Once again, clearly and concisely for everyone’s benefit:
- There should be an acceptable amount of space between each of the connectors on the inverter.
- The connectors should be easy to access and not require you to undo six screws, because you can guarantee that at least one will have a stripped head when you are called out to it.
- The connectors in the case should not be angled to the rear, preventing any normal human being from inserting a tool to undo them.
- It should be explained to installers that locating a cable conduit directly under the inverter makes it impossible to access the connectors later.
- It should be possible to disconnect string 8 without having to disconnect strings 1-8.
- Being able to carry out measurements without having to unplug any connectors at all, as outlined earlier, would be the ideal scenario.
- You should be able to access the connectors without having to resort to using a broom handle or a metre stick (see photo below).

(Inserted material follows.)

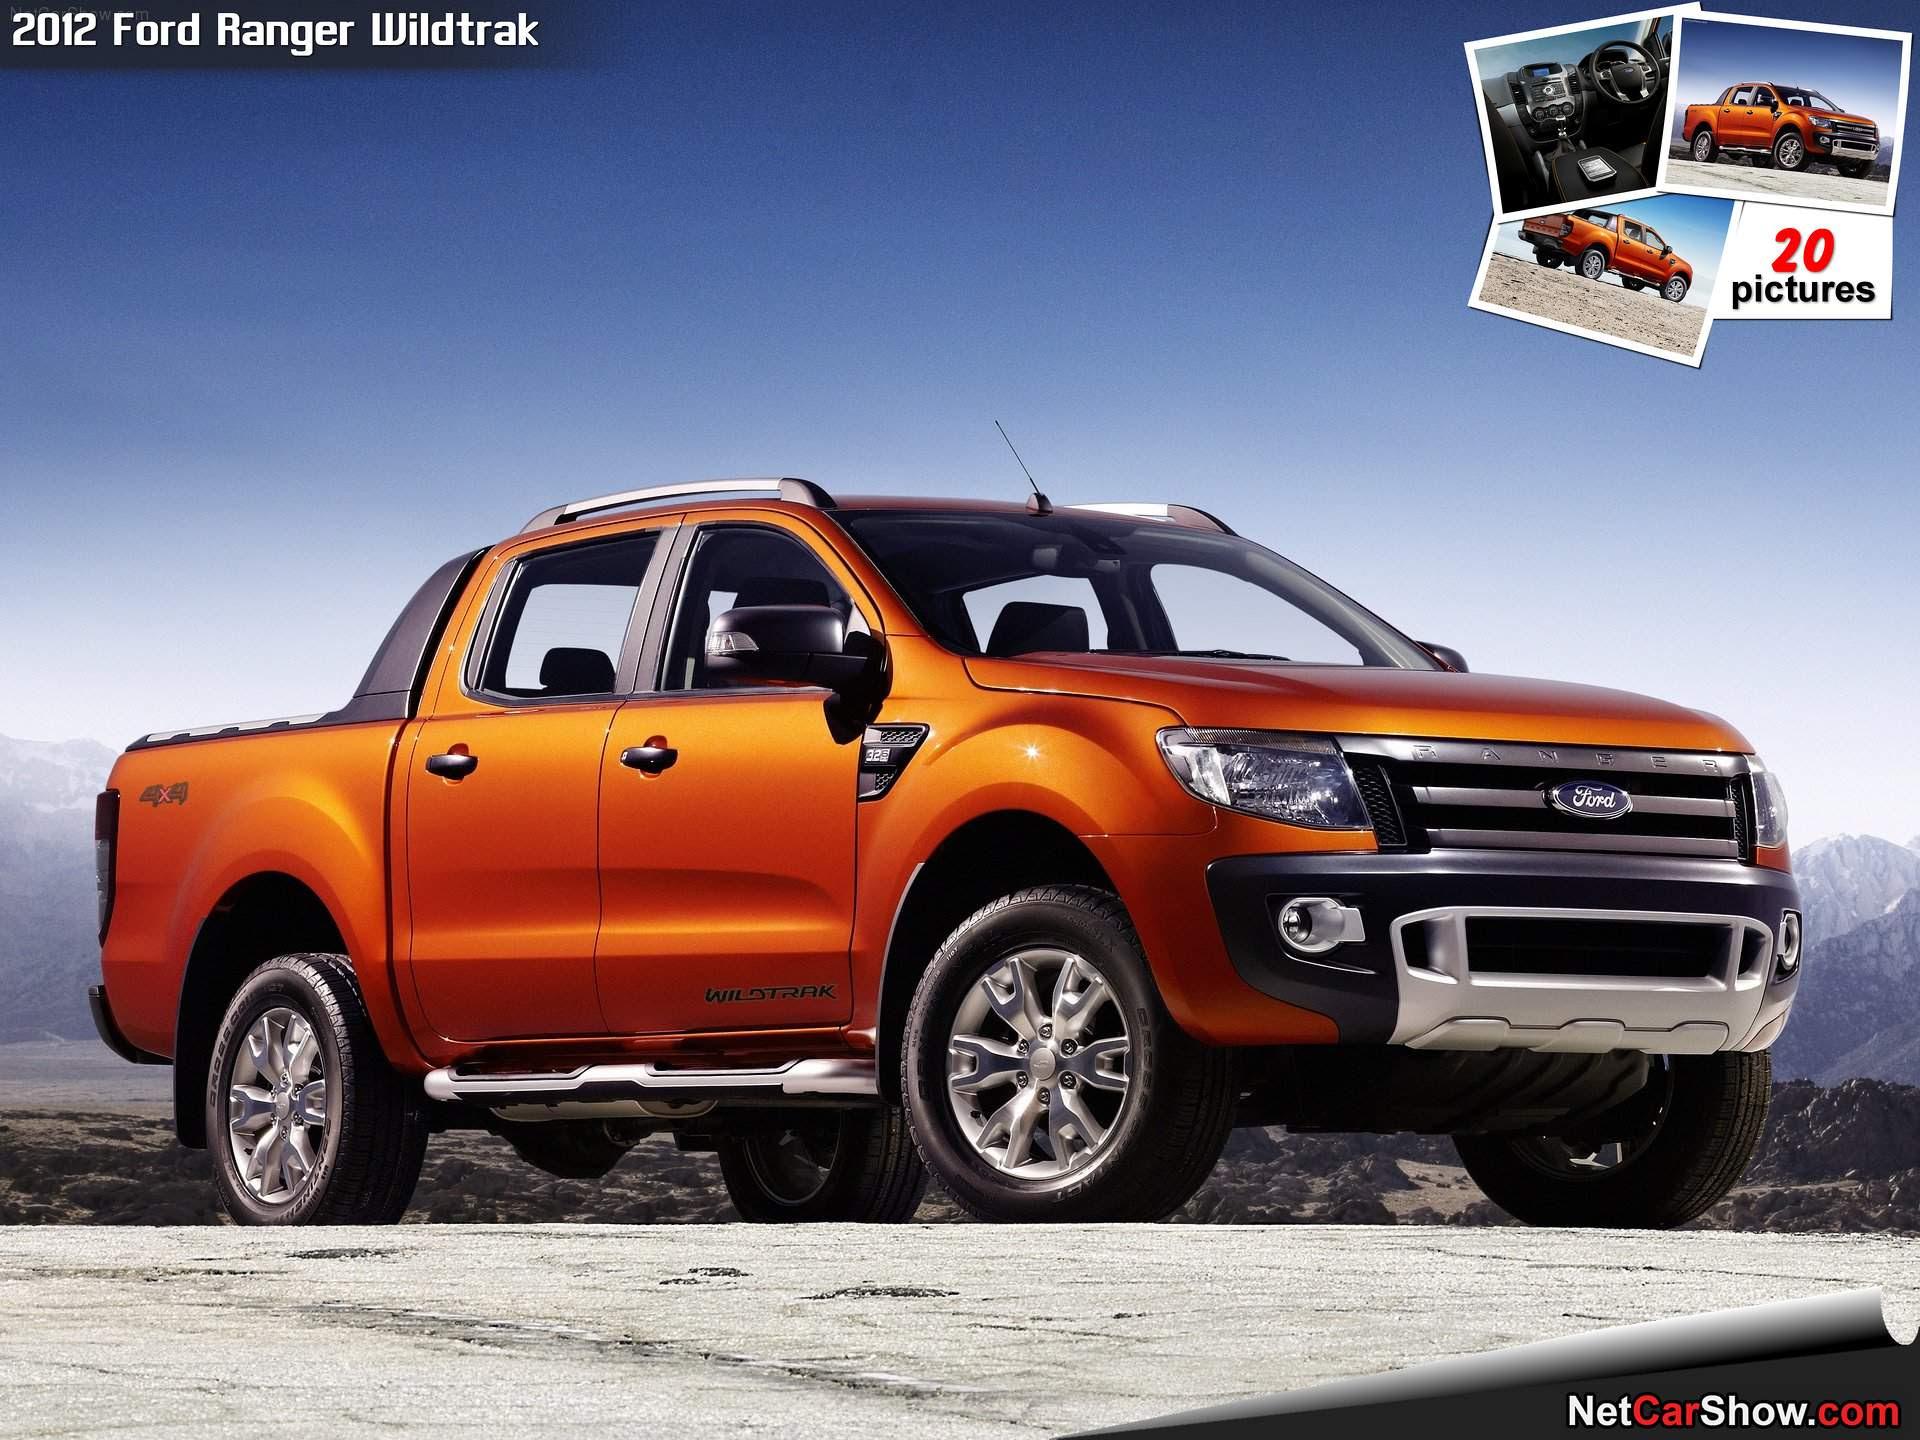 Ford Ranger Wildtrak (2012)
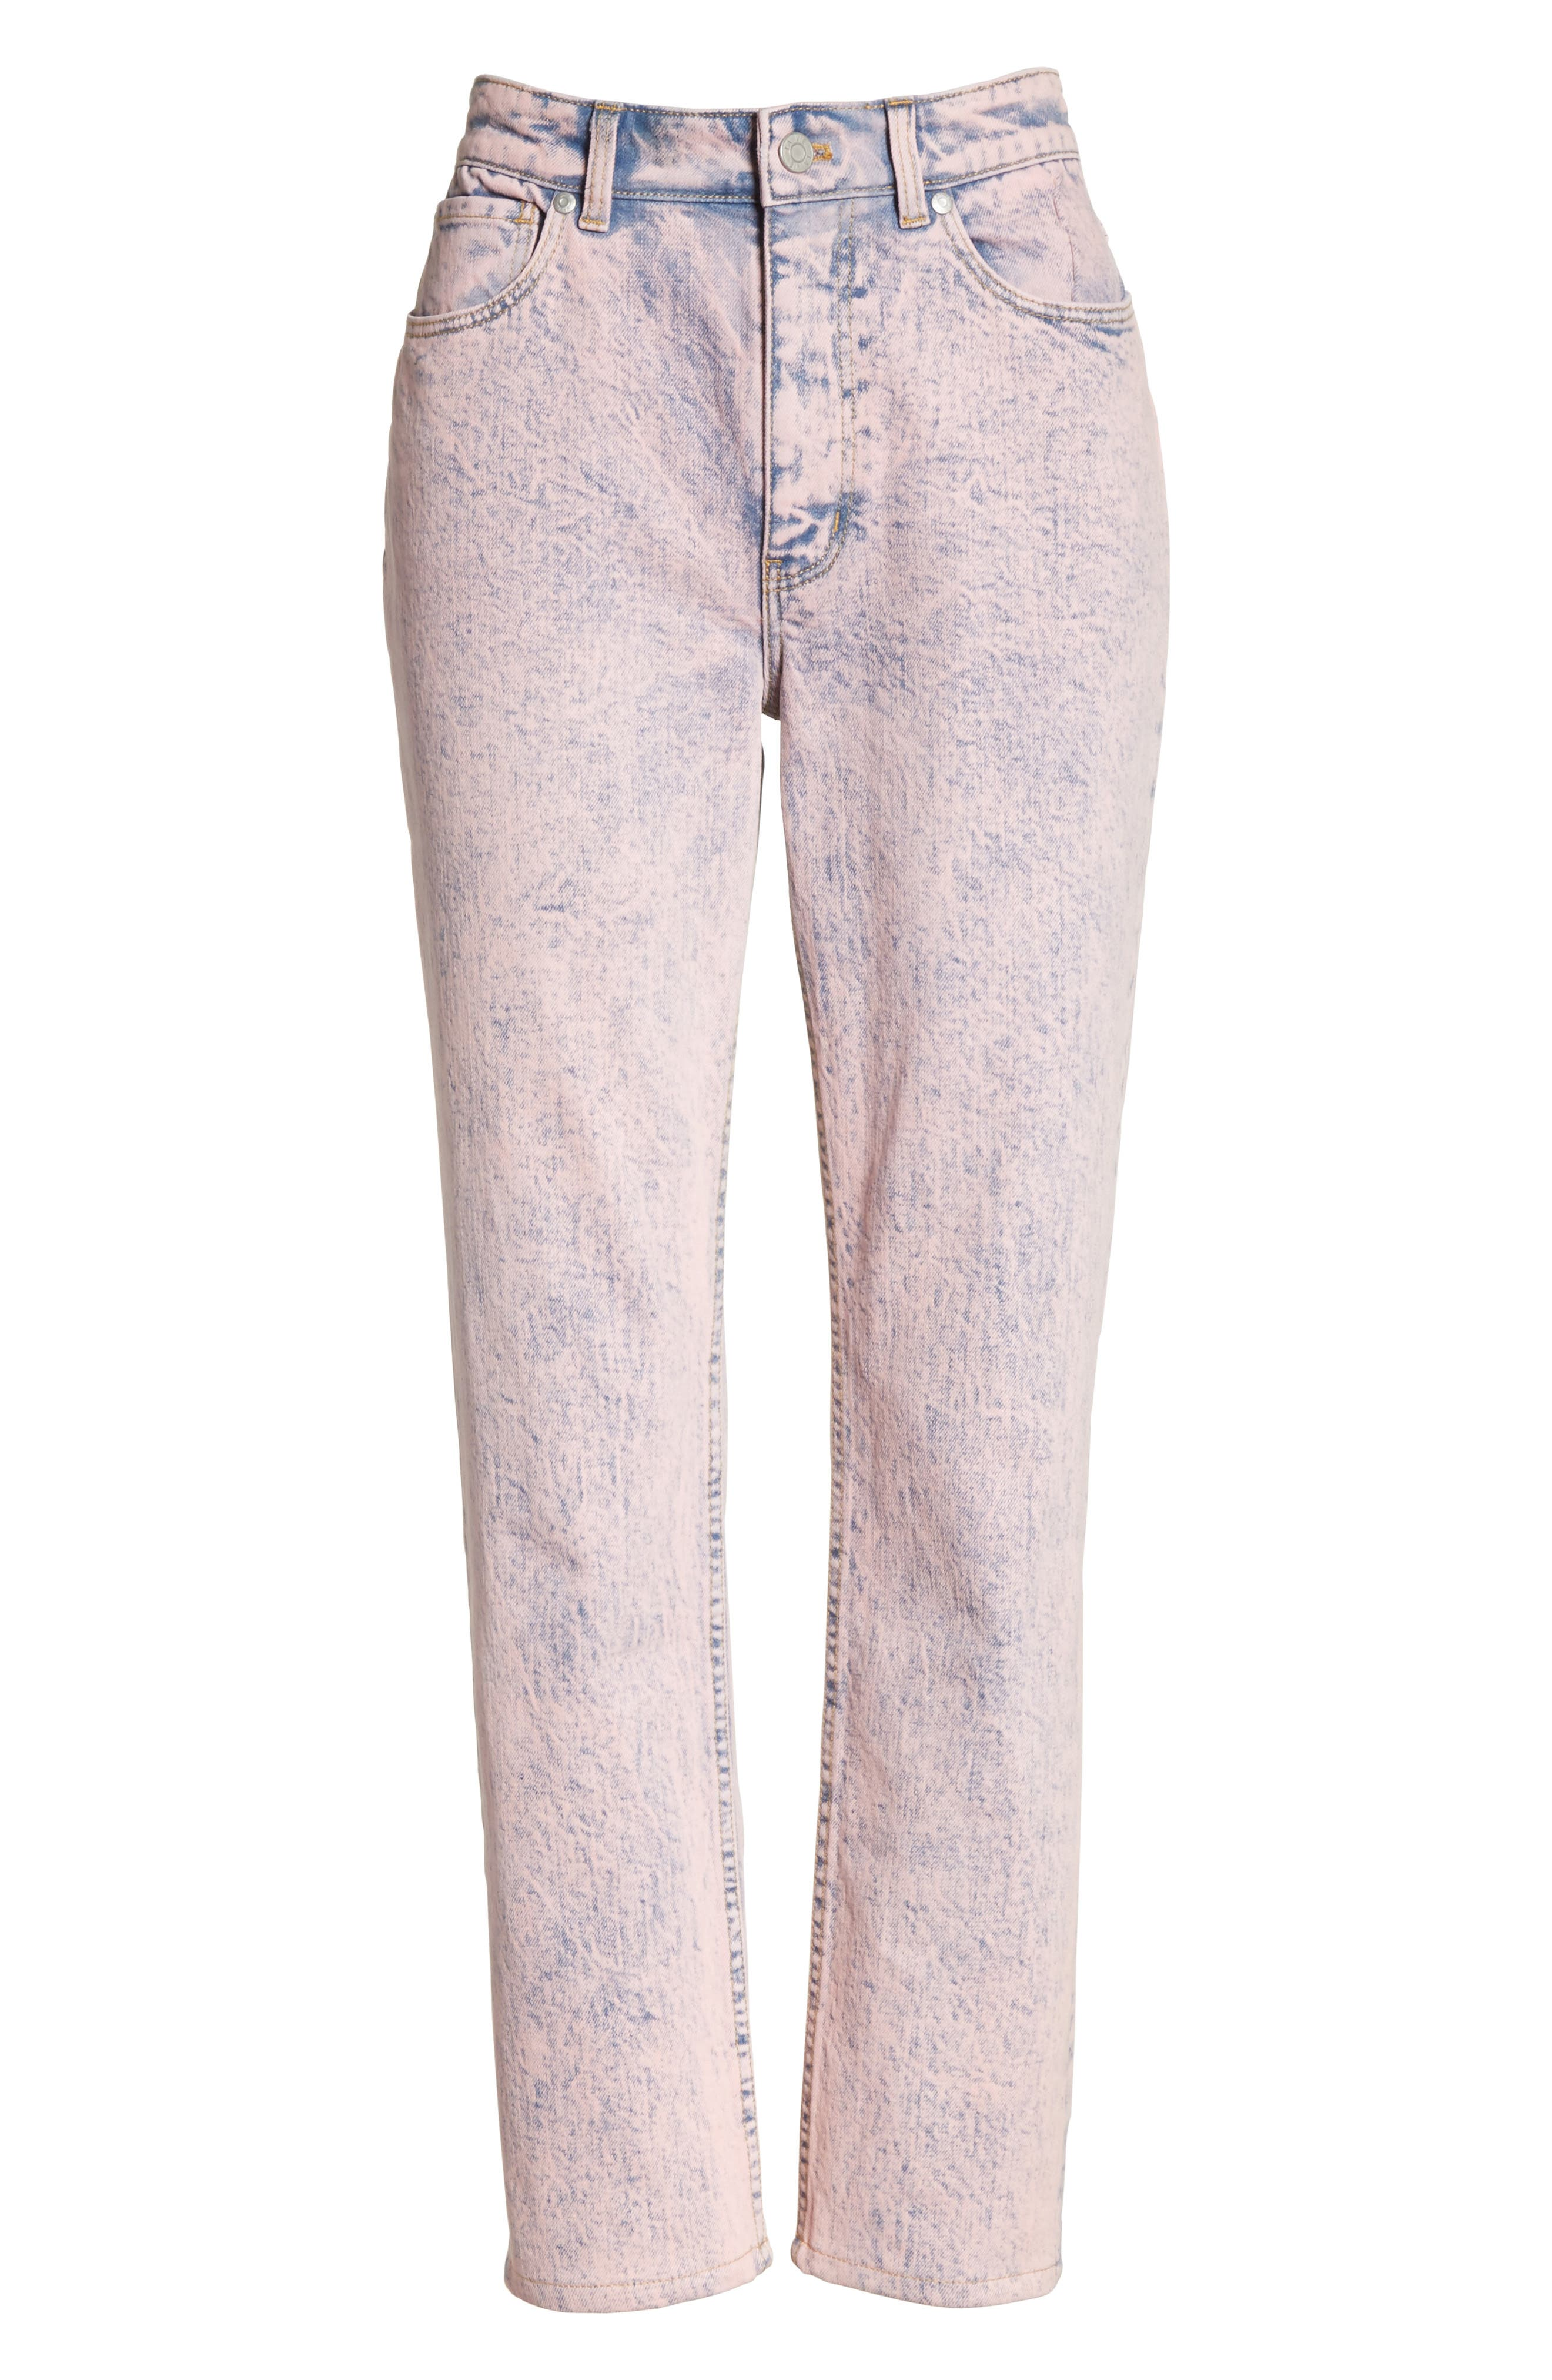 Ines Acid Wash Crop Jeans,                             Alternate thumbnail 6, color,                             658

- And a word to installers. We need to access these connectors on a regular basis and would be really pleased if we didn’t have to lie in the mud or crawl around in the dirt while doing so. Also, trying to unplug one of these infernal connectors is a lot more pleasant when you are on the ground rather than balancing five metres in the air on a ladder.
So, dear inverter manufacturers, please don’t take this personally, but would you mind having a word with your installers and also do some research into the connector problems I’ve just described. Think for a moment of the lacerated, bleeding fingers that are now an inevitable fact of life for all engineers who do battle with inverter connectors whenever they make a service call.
Then dig deep into your inner selves. I am sure you can find a way of making my dream come true. You have the power to make re-inspections a breeze for every installer and installation engineer, and to make re-inspections something that they actually look forward to.
And if you’d like to do something really clever, take a look at what your Asian colleagues are doing: making inverters that allow you to measure complete IV curves.
In future, why not make inverters that you can switch into service mode, preferably remotely? The inverters would then carry out the measurements automatically and send the results for all module strings to a data portal. Then we wouldn’t need to unplug connectors or stand around on ladders making the air turn blue…
Regards, your extremely exasperated service engineer nursing freshly cut fingers – again.
PS And don’t even dare to submit a device for an innovation prize that doesn’t take on board my dream checklist. Thank you.
PPS If fellow-sufferers feel the need to share their connector experiences, or if inverter manufacturers would like to tell me I’m too dumb to unplug a connector, the comments area under this article offers you this very option. Let the discussion commence!